Key Words: Constrained optimization, establishment survey, optimum allocation, generalized
variance function (GVF), stratified sample, gradient descent.
1. Survey Background
The Survey of Occupational Injuries and Illnesses (SOII) is an annual Federal/State program that collects reports of employee injury and illness along with total employment and
total hours worked by all workers from about 240,000 business establishments. The SOII
summary program produces estimates of incidence count and rate of nonfatal injuries and
illnesses in the workplace by geographical area, ownership, and industry for workers in establishments that are in the scope of the survey in the fifty states, District of Columbia,
Puerto Rico, Virgin Islands, and Guam. The survey excludes self-employed workers, workers
in agricultural production businesses with less than eleven employees, private households,
US postal service, and federal government. Workers in railroad and mining are in-scope but
are not sampled; their data are obtained from other sources. National estimates exclude
Guam, Puerto Rico, and the Virgin Islands.
The SOII uses a stratified simple random sample design. The sampling units are business establishments. We will use the terms “unit” and “establishment” interchangeably in
this paper. Within each survey year, the in-scope establishments are stratified into state,
ownership (whether private, state government, or local government), and industry. SOII
data are published at this stratified level. In addition, each estimation stratum is divided
into sampling strata by grouping establishments into five size classes (a size class is defined
by the establishment’s annual average employment which is the average of employment over
a twelve-month period).
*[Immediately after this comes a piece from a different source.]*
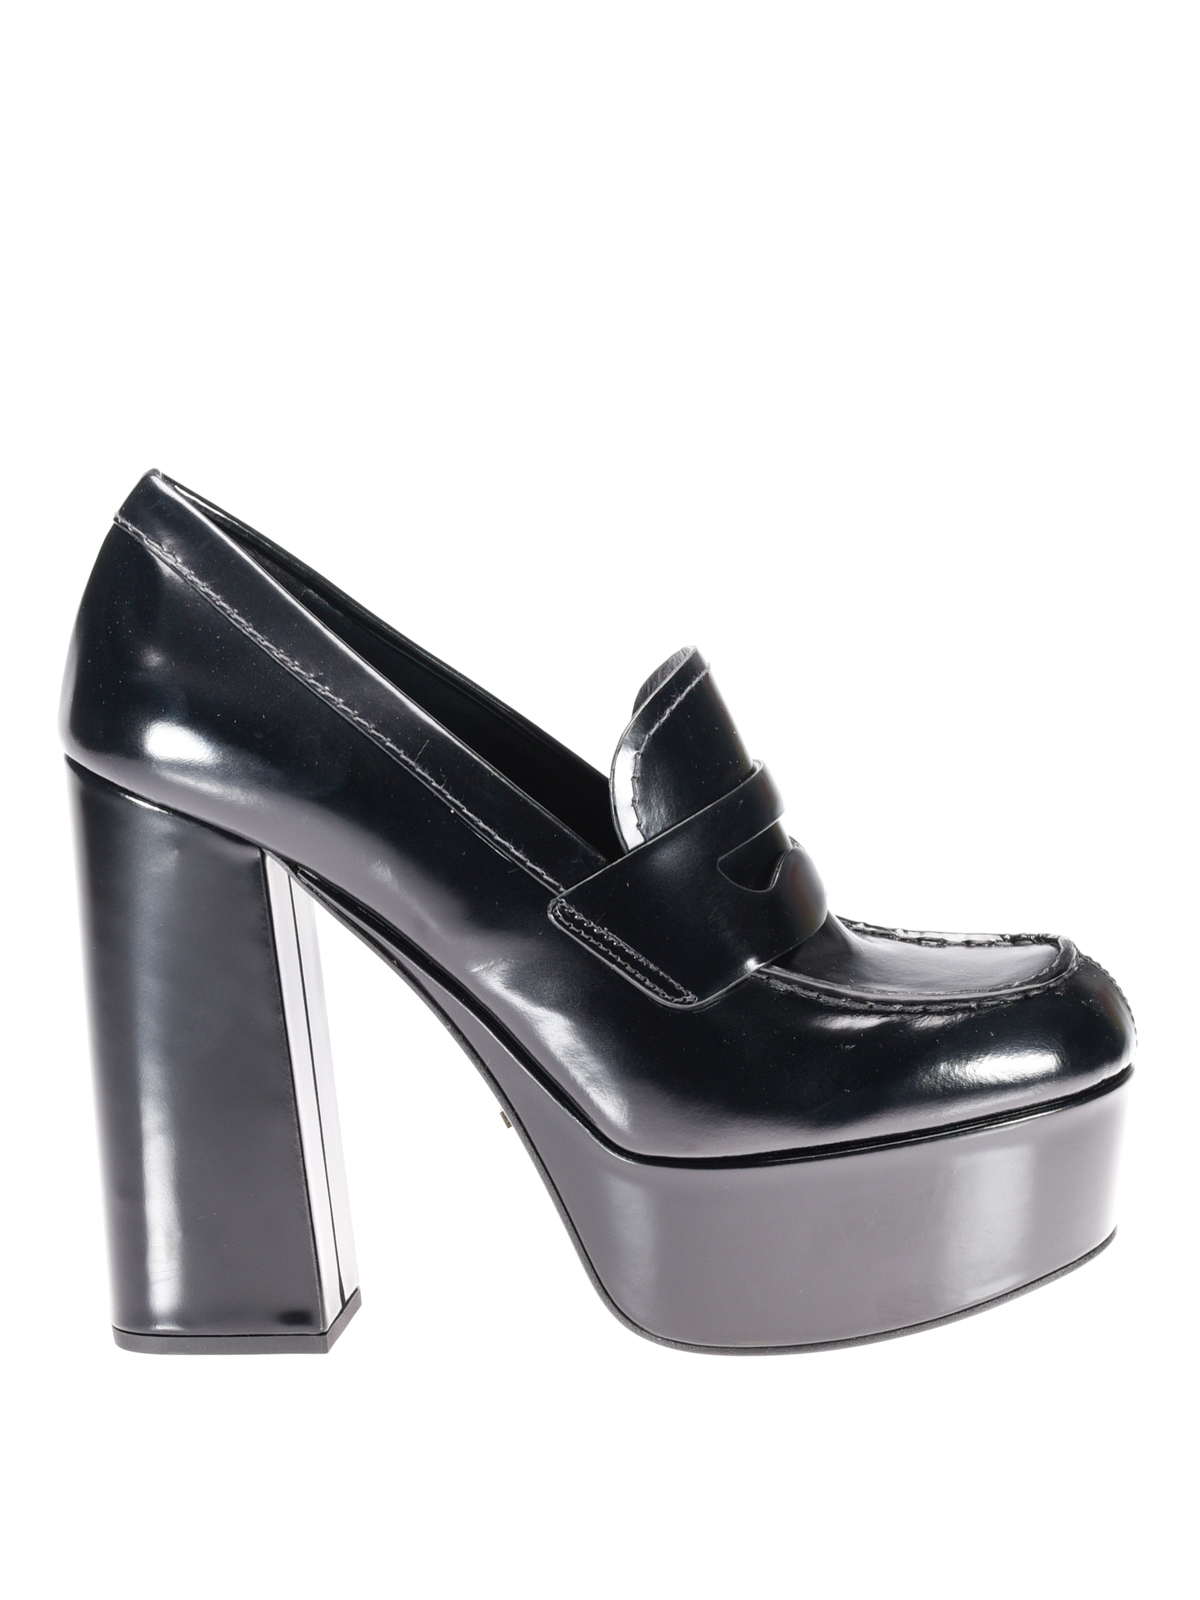 Prada - Loafer-inspired court shoes

A fixed sample size is assigned to each state and ownership code.
Within each sampling stratum, the non-certainty units are sorted by the annual average
employment and units are then selected systematically with a single random start. The
current SOII uses the Neyman allocation method that minimizes the variance of the estimator for the number or incidence count of Total Recordable Case (T RC) because there is
a high correlation between T RC and other characteristics being measured.
∗ U.S.
Bureau of Labor Statistics, 2 Massachusetts Ave, N.E. Washington DC 20212
2. Motivation
At the 2012 Occupational Safety and Health Statistics National Conference, questions of
publishability arose. Some states wanted to know the reason why only a few of their
Target Estimation Industries (TEIs) were published. Target Estimation Industries are
specific industries that participating states request to sample for publication. The Statistical
Methods Group in the Office of Compensation and Working Conditions of the Bureau of
Labor Statistics conducted a review and found that some industries have unusually low
response rates compared to others. In 2013, some states requested to increase the sample
sizes for certain TEIs to account for low response rates. This request raised the question
of how we could optimize the sample allocation by maximizing publishability while keeping
the variance at or below an acceptable level.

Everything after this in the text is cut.